### [TASK BRIEF]
Return the listing that follows exactly, with no pictures included.

*** DATA EXTRACT ***

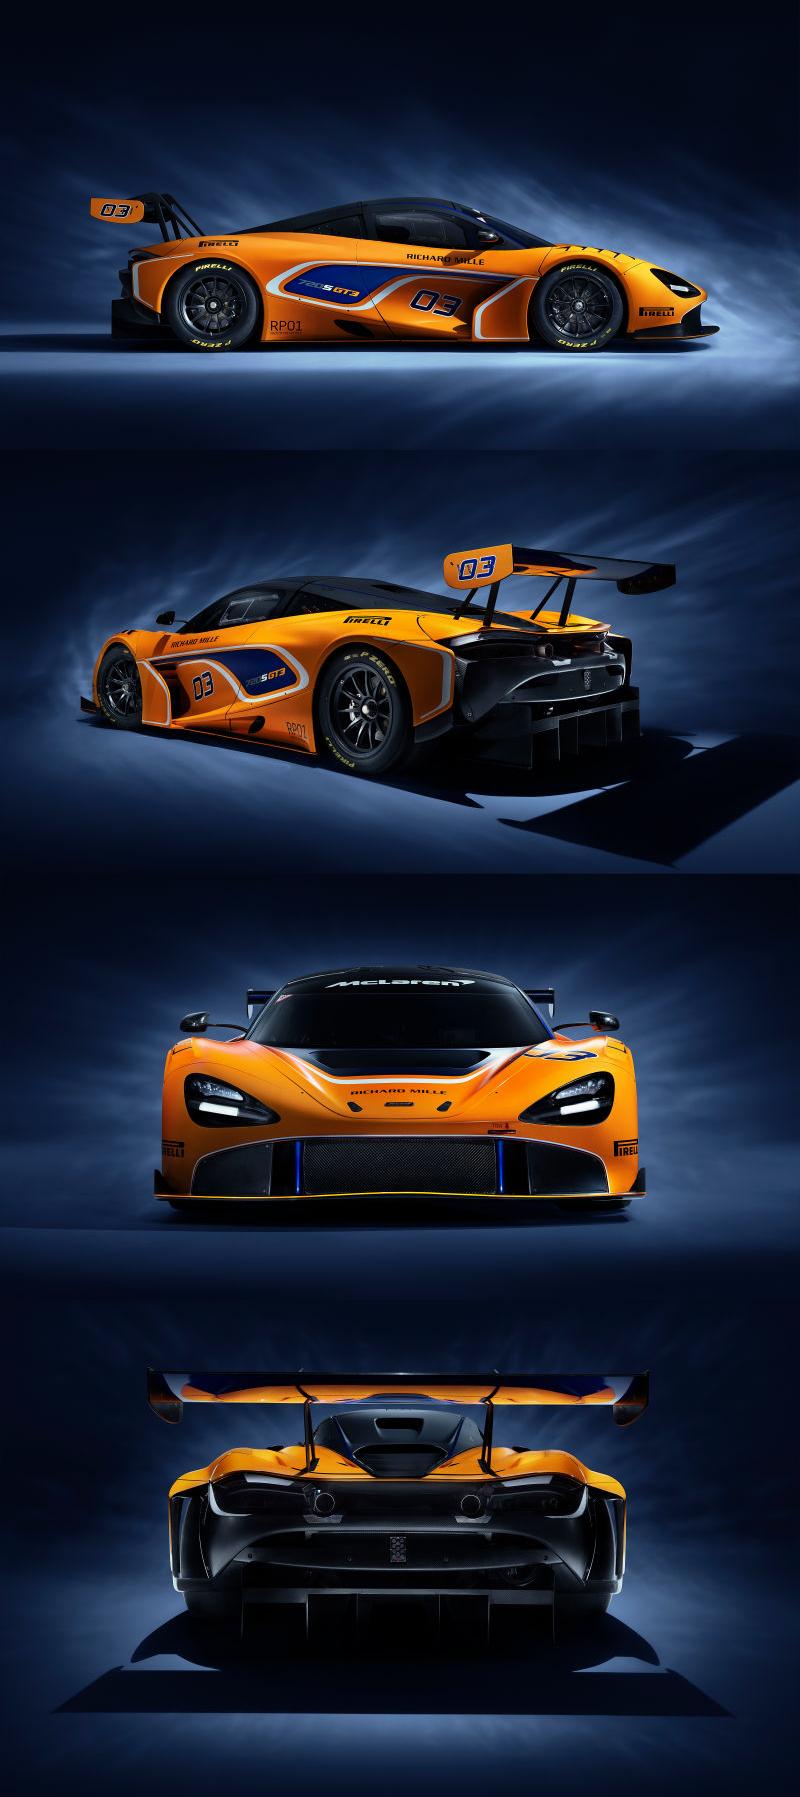 The Mclaren 720s Gt3 Is The Racing Version Of The Mclaren Youre
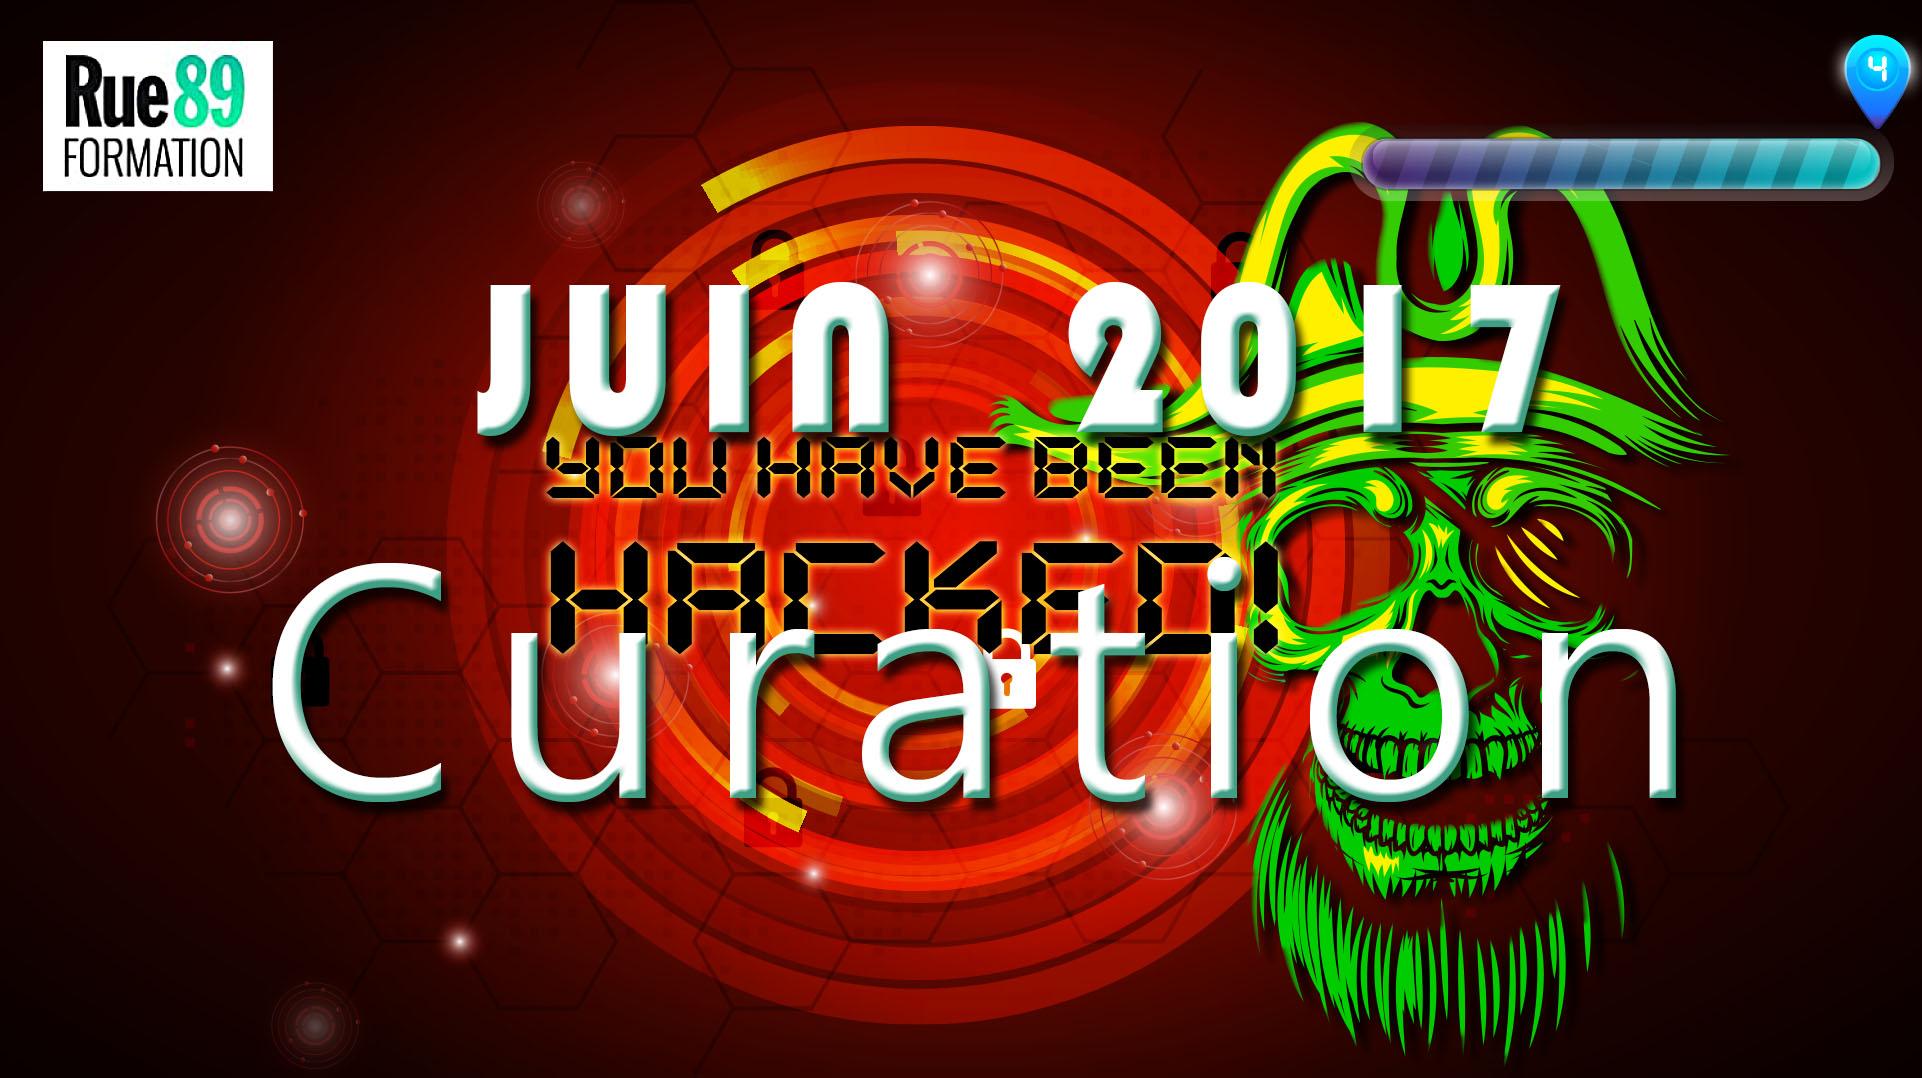 curation juin 4
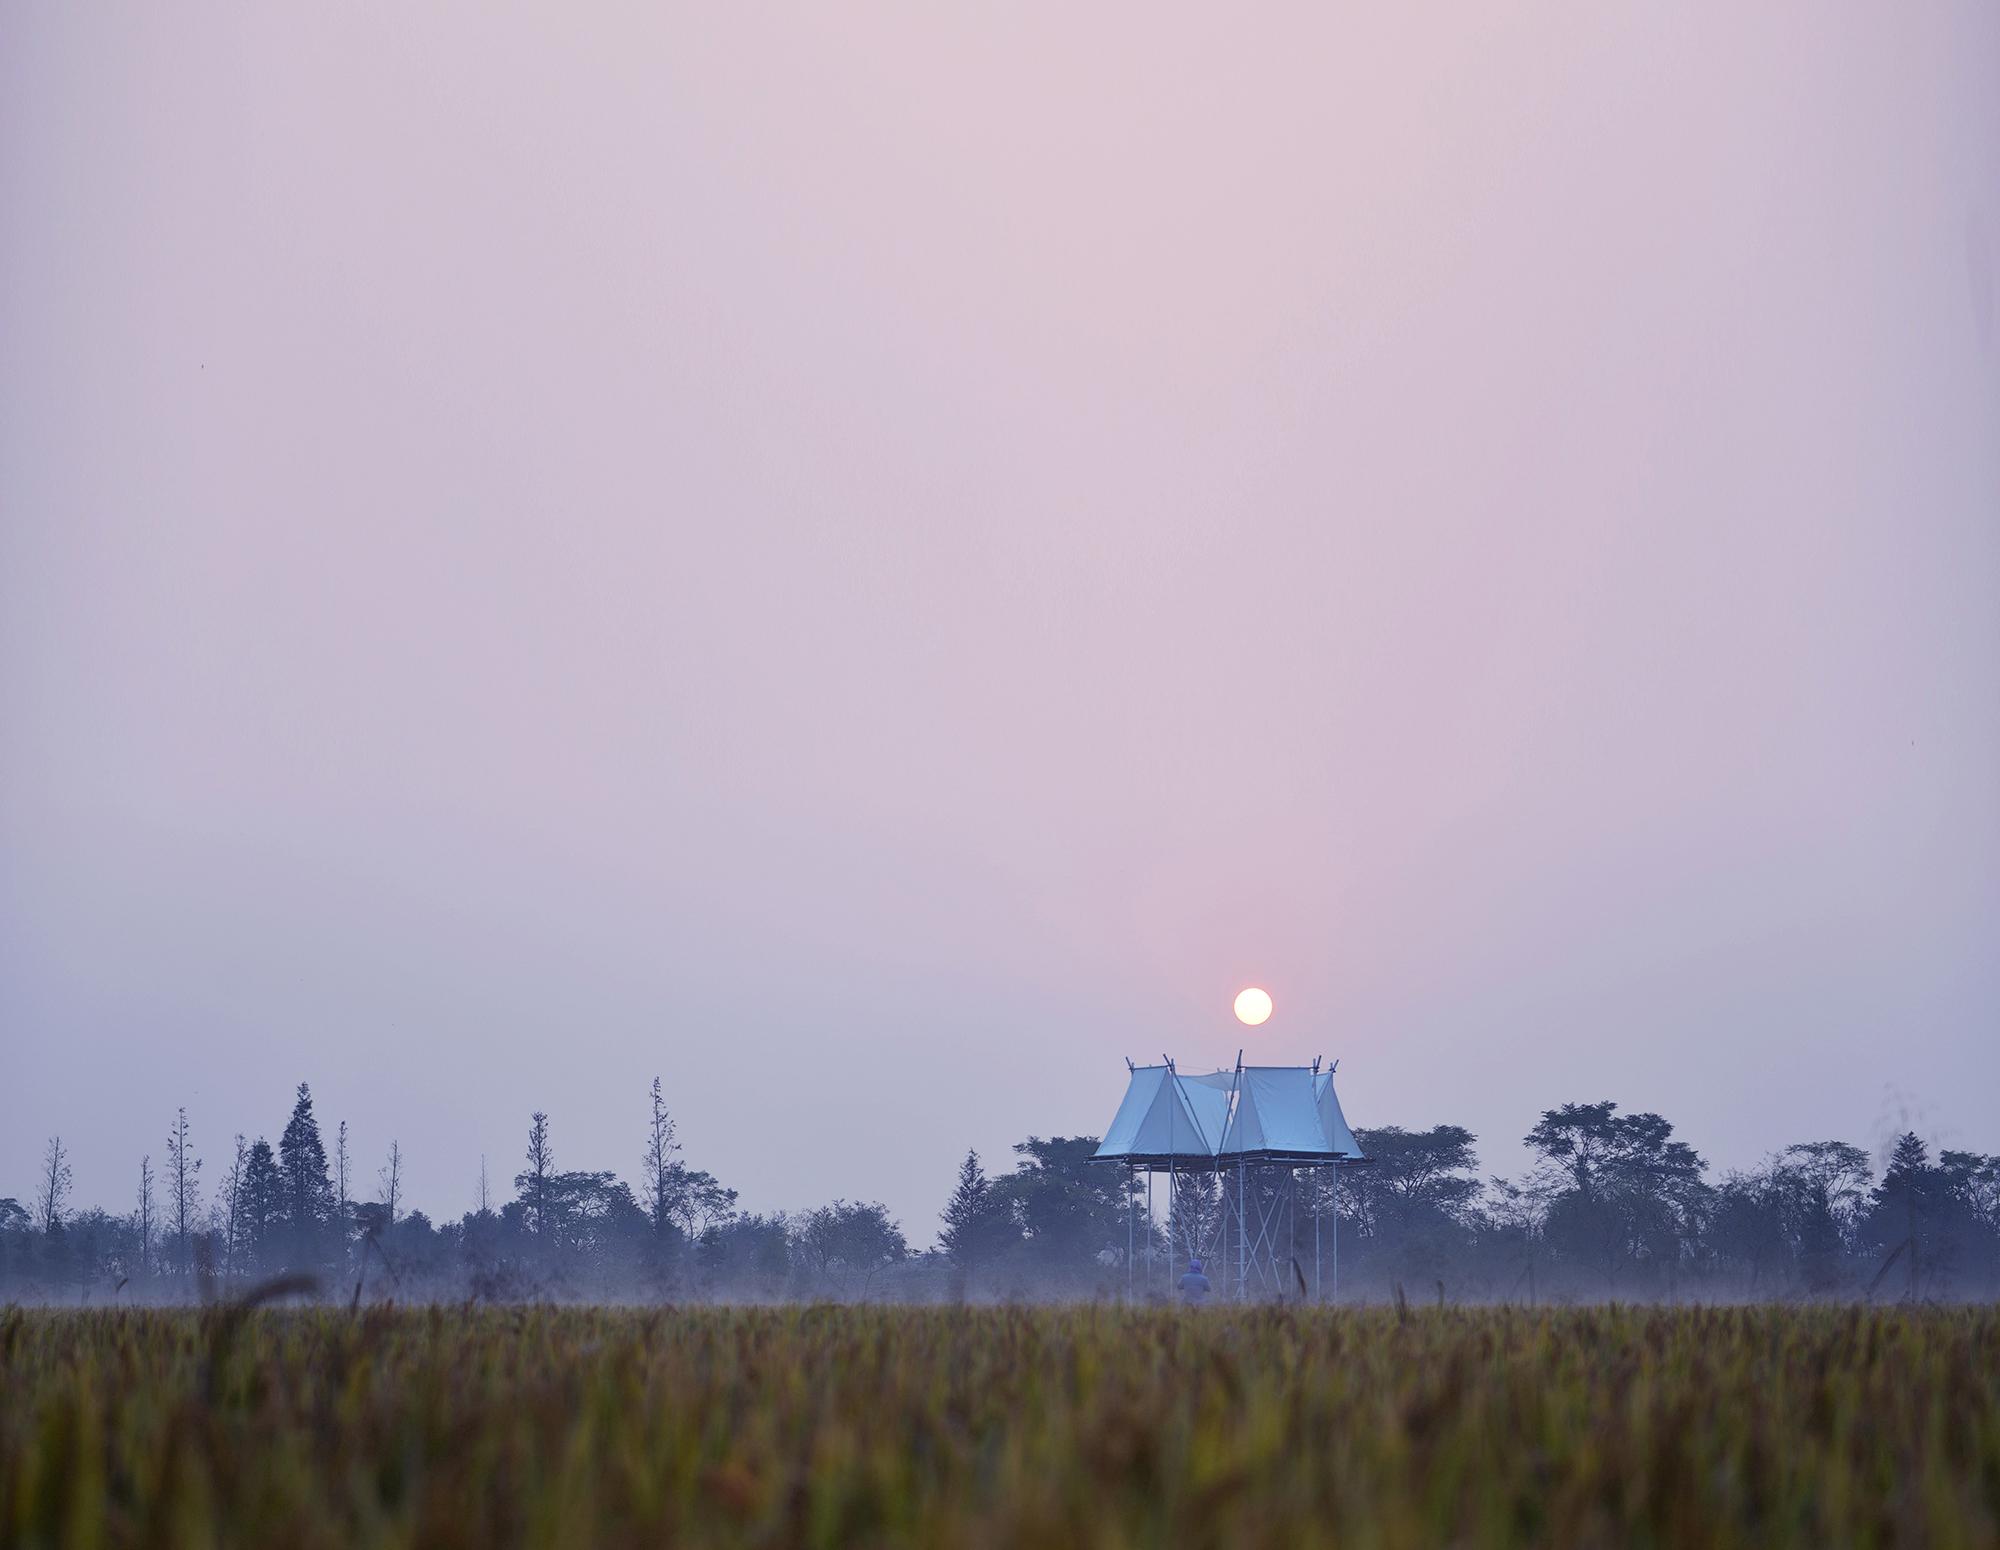 G-稻田与漂浮的庇护所 (5)

*** End of DATA EXTRACT ***

### [YOUR SOLUTION]
 The Mclaren 720s Gt3 Is The Racing Version Of The Mclaren Youre
 curation juin 4
 G-稻田与漂浮的庇护所 (5)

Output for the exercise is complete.